在PET中，肿瘤通常占据整个PET图像的一个小区域，像素级分类偏向背景，因此在分割结果中，肿瘤被部分丢失的可能性很高(Yuan等, 2017)。典型的解决方案是在训练期间为每个像素分配权重，补偿来自每个类的不同像素频率，重新平衡肿瘤和背景。然而，这种像素级重新加权过程带来了额外的计算成本，尤其在训练过程中采用图像扩增时。

本文引入了一种新的基于Jaccard距离的损失函数。基于Jaccard距离样本之间的不相似性，与Jaccard指数互补。定义$\mathit{\boldsymbol{G}}$表示手动分割肿瘤区域，$\mathit{\boldsymbol{M}}$代表计算机生成的掩模，Jaccard距离定义为

$ \begin{array}{l} {d_J}\left( {\mathit{\boldsymbol{G}},\mathit{\boldsymbol{M}}} \right) = 1 - J\left( {\mathit{\boldsymbol{G}},\mathit{\boldsymbol{M}}} \right) = \\ \;\;\;\;\;\;\;\;\;\;\;\;\;\;\;\;\;1 - \frac{{\left| {\mathit{\boldsymbol{G}} \cap \mathit{\boldsymbol{M}}} \right|}}{{\left| \mathit{\boldsymbol{G}} \right| + \left| \mathit{\boldsymbol{M}} \right| - {{\left| {\mathit{\boldsymbol{G}} \cap \mathit{\boldsymbol{M}}} \right|}^\prime }}} \end{array} $

(2)

${d_J}\left({\mathit{\boldsymbol{G}}, \mathit{\boldsymbol{M}}} \right)$本身不可微分，因此难以应用于反向传播。本文设计以下损失函数

$ {L_{{d_J}}} = 1 - \frac{{\sum\limits_{m,n} {\left( {{t_{mn}}{p_{mn}}} \right)} }}{{\sum\limits_{m,n} {t_{mn}^2} + \sum\limits_{m,n} {p_{mn}^2} - \sum\limits_{m,n} {{{\left( {{t_{mn}}{p_{mn}}} \right)}^\prime }} }} $

(3)

式中，${p_{mn}}$为像素属于肿瘤的后验概率。

该损失函数不需要权重图重新平衡来自肿瘤区域和背景的像素。
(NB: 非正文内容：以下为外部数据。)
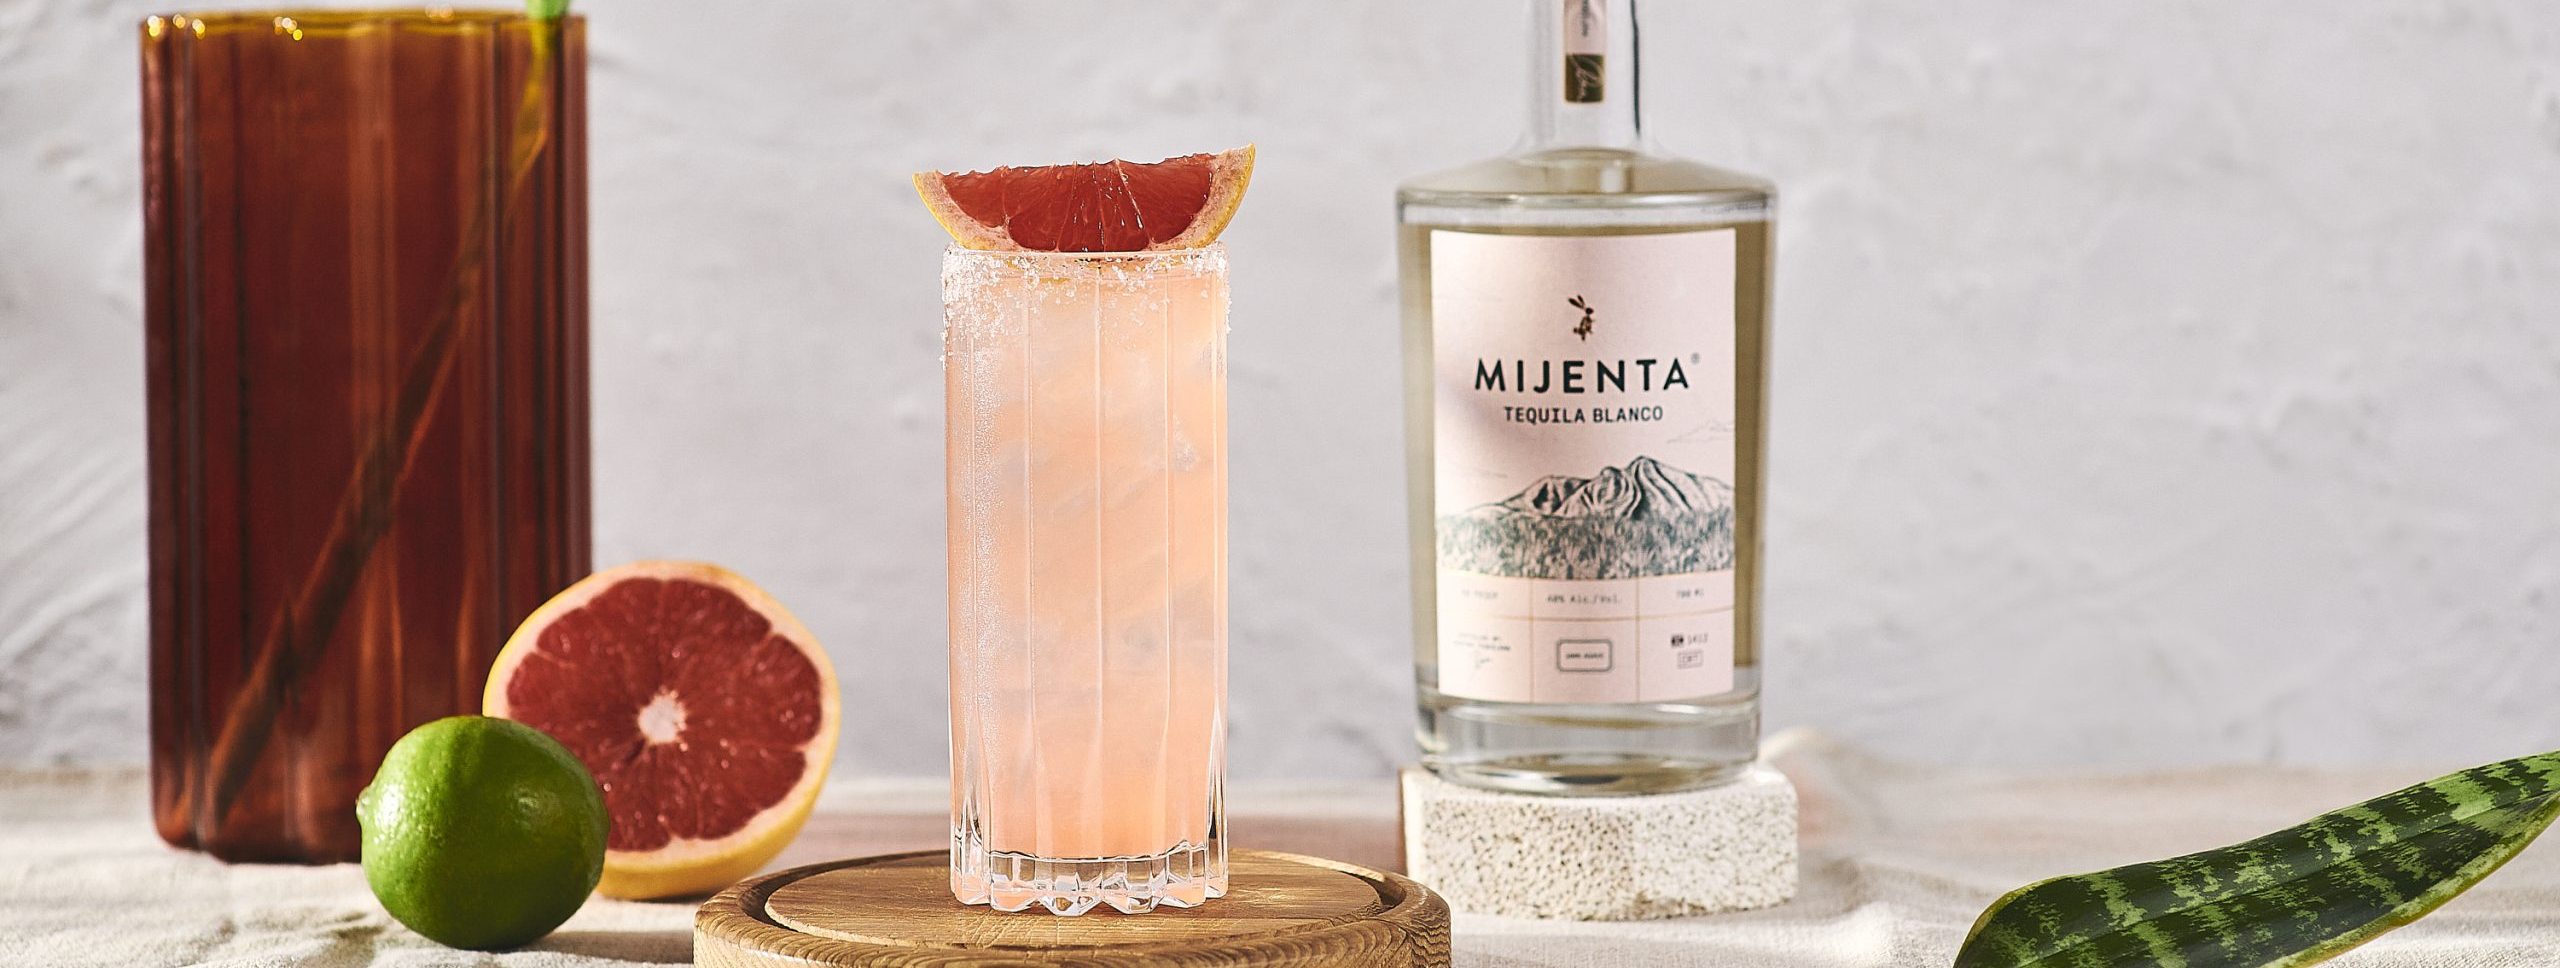 Mijenta Paloma in tall glass with grapefruit garnish and mijenta bottle

同时，提出的损失函数是可微的，即

$ \begin{array}{*{20}{c}} {\frac{{\partial {L_{{d_J}}}}}{{\partial {p_{mn}}}} = - \frac{{{t_{mn}}\left[ {\sum\limits_{m,n} {t_{mn}^2} + \sum\limits_{m,n} {p_{mn}^2} - \sum\limits_{m,n} {\left( {{t_{mn}}{p_{mn}}} \right)} } \right]}}{{{{\left[ {\sum\limits_{m,n} {t_{mn}^2} + \sum\limits_{m,n} {p_{mn}^2} - \sum\limits_{m,n} {\left( {{t_{mn}}{p_{mn}}} \right)} } \right]}^2}}} + }\\ {\frac{{\left( {2{p_{mn}} - {t_{mn}}} \right)\left[ {\sum\limits_{m,n} {\left( {{t_{mn}}{p_{mn}}} \right)} } \right]}}{{{{\left[ {\sum\limits_{m,n} {t_{mn}^2} + \sum\limits_{m,n} {p_{mn}^2} - \sum\limits_{m,n} {\left( {{t_{mn}}{p_{mn}}} \right)} } \right]}^2}}}} \end{array} $

(4)

式(4)可以在训练网络时，有效集成到反向传播中。

1.2.3 DropBlock

在多数情况下，dropout主要用于卷积网络的完全连接层。本文引入了以结构形式失活的DropBlock技术(Ghiasi等, 2018)。与dropout相比，主要区别在于DropBlock从层的特征映射中删除连续区域，而不是丢弃独立的随机单元。由于DropBlock会失活相关区域中的功能，因此网络模型必须在其他地方寻找适合的特征匹配数据。被丢弃的特征子集是针对每个小批量独立绘制的并且形成不同的网络架构，然后DropBlock训练具有不同架构但在单个时期中共享权重的所有子网络的集合。以这种方式，特征块之间产生较少的依赖性，从而学习在不同子集之间更强的特征，这使得训练的模型鲁棒性和泛化能力更强。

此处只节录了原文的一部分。